Same Store GAAP NOI is equal to rental revenue, less lease termination fee income, property operating expenses (excluding tenant improvement demolition costs), real estate taxes, and property management expenses for our same store properties and is considered a non-GAAP financial measure. Same Store Cash NOI is equal to Same Store GAAP NOI less non-cash revenue items including straight-line rent adjustments and the amortization of above- and below-market rent. The same store properties include our operating office properties not held for sale and owned and operated for the entirety of both periods being compared and include our comparable ownership percentage in each period for properties in which we own an unconsolidated interest.
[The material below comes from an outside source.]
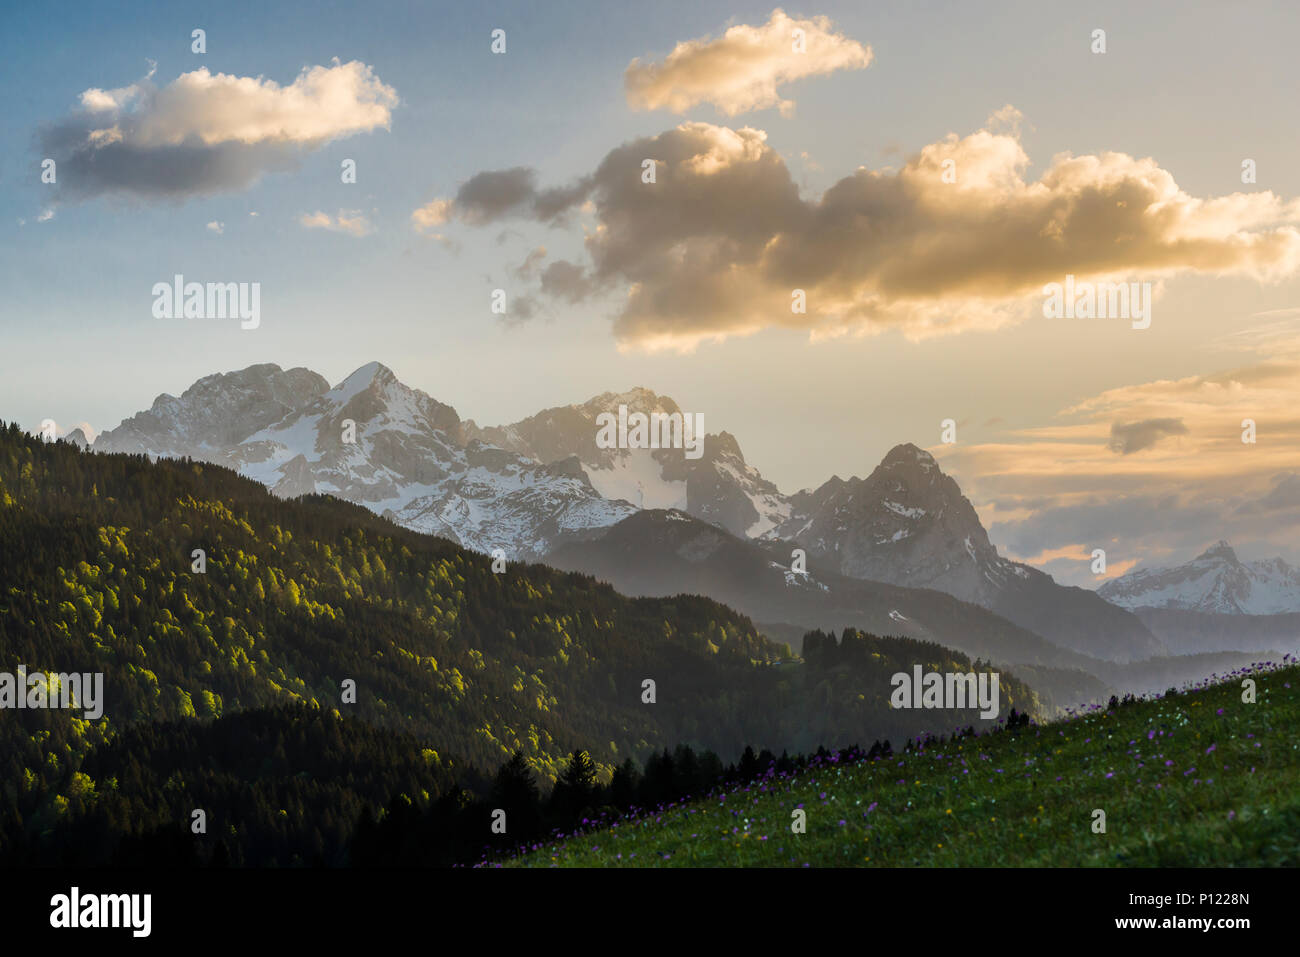 Mount Alpspitze, Mount Zugspitze and Waxenstein of the Wetterstein mountains with clouds just before sunset, Bavaria, Germany Stock Photo
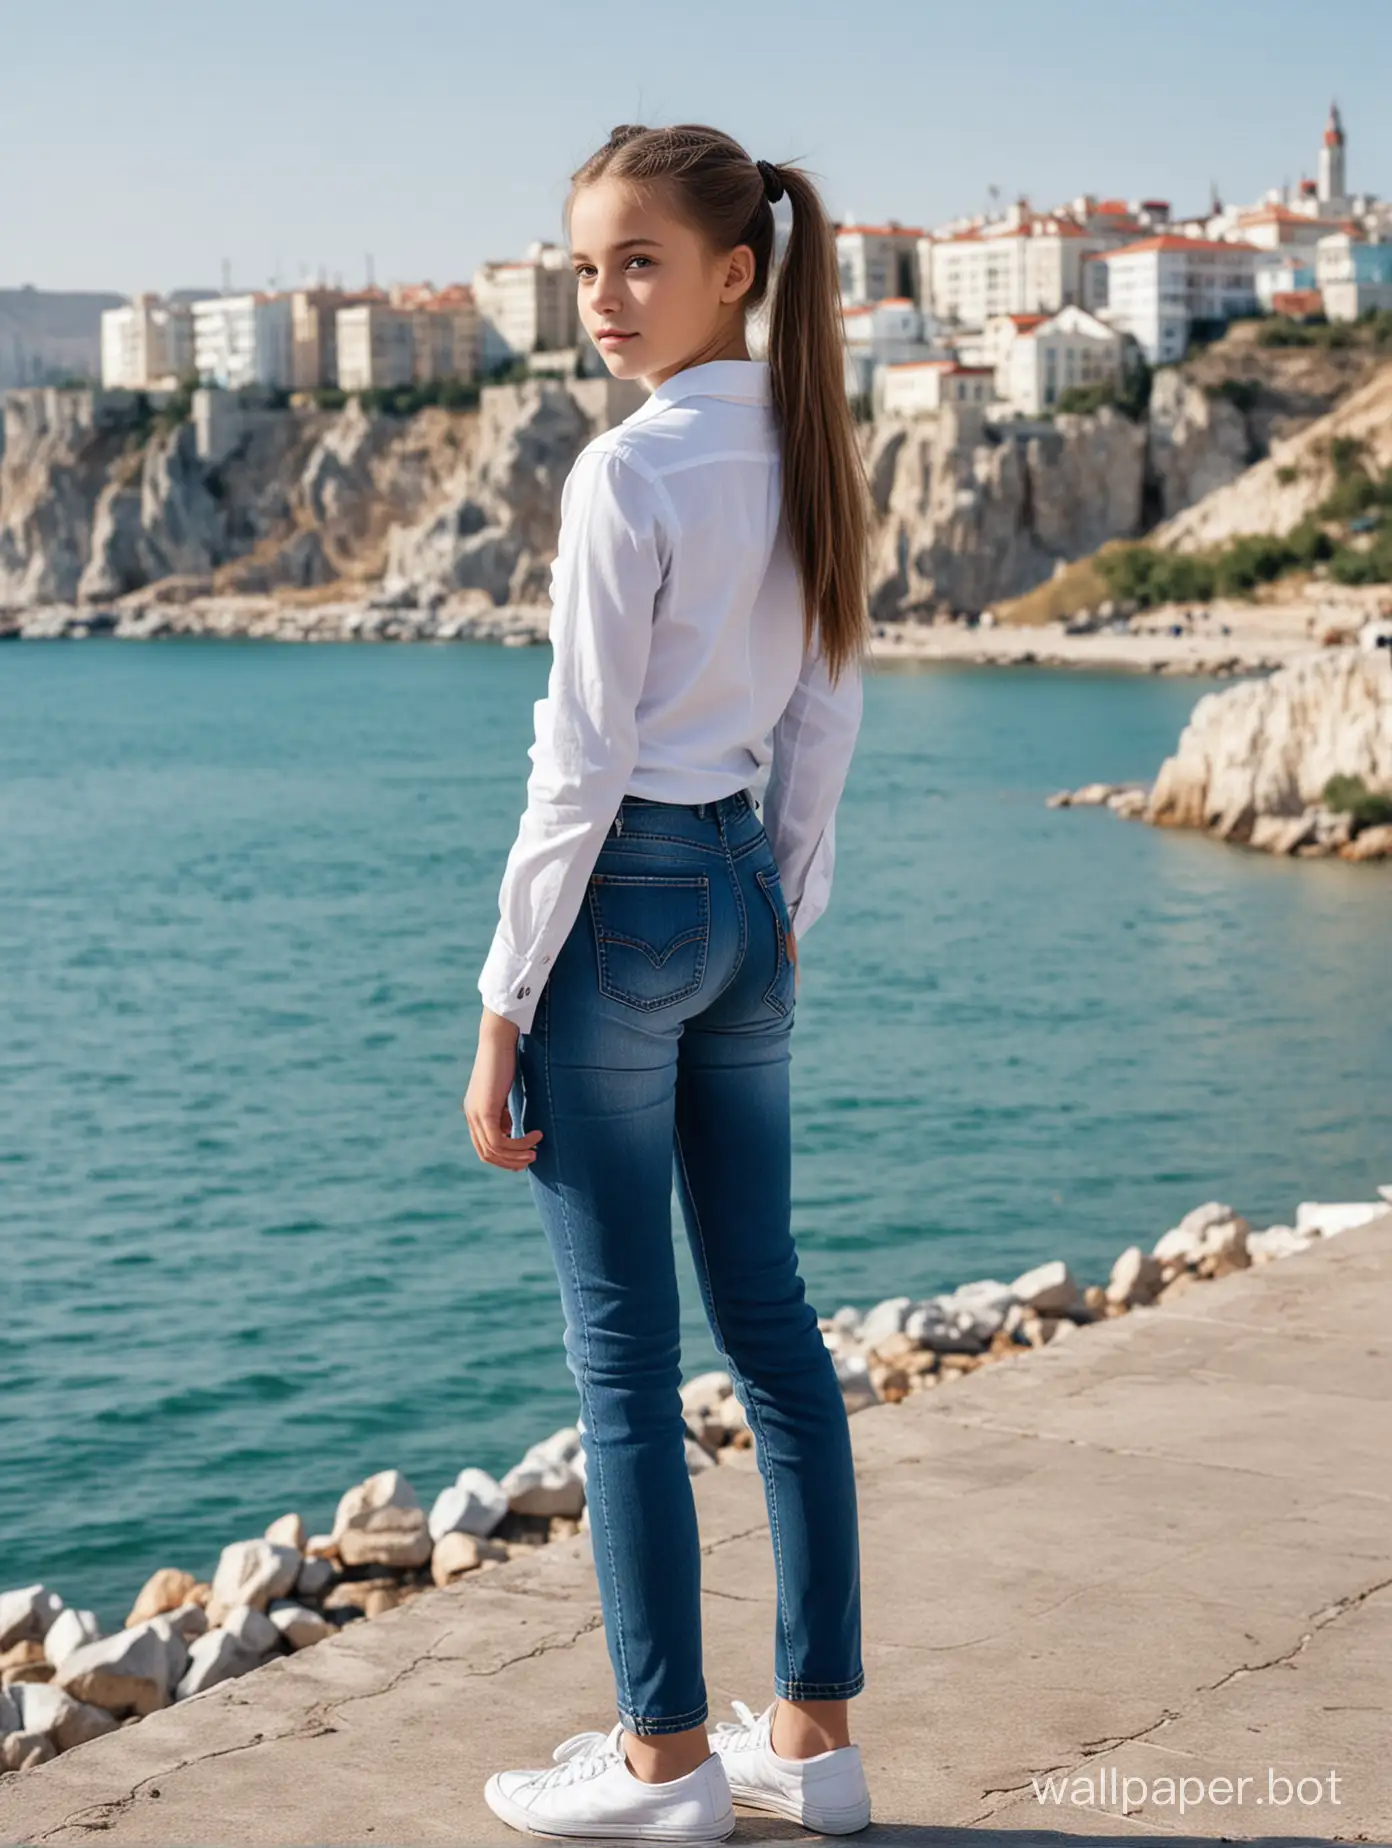 Beautiful Soviet schoolgirl 10 years old with ponytails in Crimea against the background of the sea, full height, dynamic poses, people and buildings in the background, tight jeans, ass, rear view

We view Same Store GAAP NOI and Same Store Cash NOI as important measures of the operating performance of our properties because they allow us to compare operating results of properties owned and operated for the entirety of both periods being compared and therefore eliminate variations caused by acquisitions or dispositions during such periods.

Same Store GAAP NOI and Same Store Cash NOI presented by us may not be comparable to Same Store GAAP NOI or Same Store Cash NOI reported by other REITs that do not define Same Store GAAP NOI or Same Store Cash NOI exactly as we do. We believe that in order to facilitate a clear understanding of our operating results, Same Store GAAP NOI and Same Store Cash NOI should be examined in conjunction with net income (loss) as presented in our consolidated financial statements and notes thereto. Same Store GAAP NOI and Same Store Cash NOI should not be considered as an indicator of our ability to make distributions, as alternatives to net income (loss) as an indication of our performance, or as a measure of cash flows or liquidity.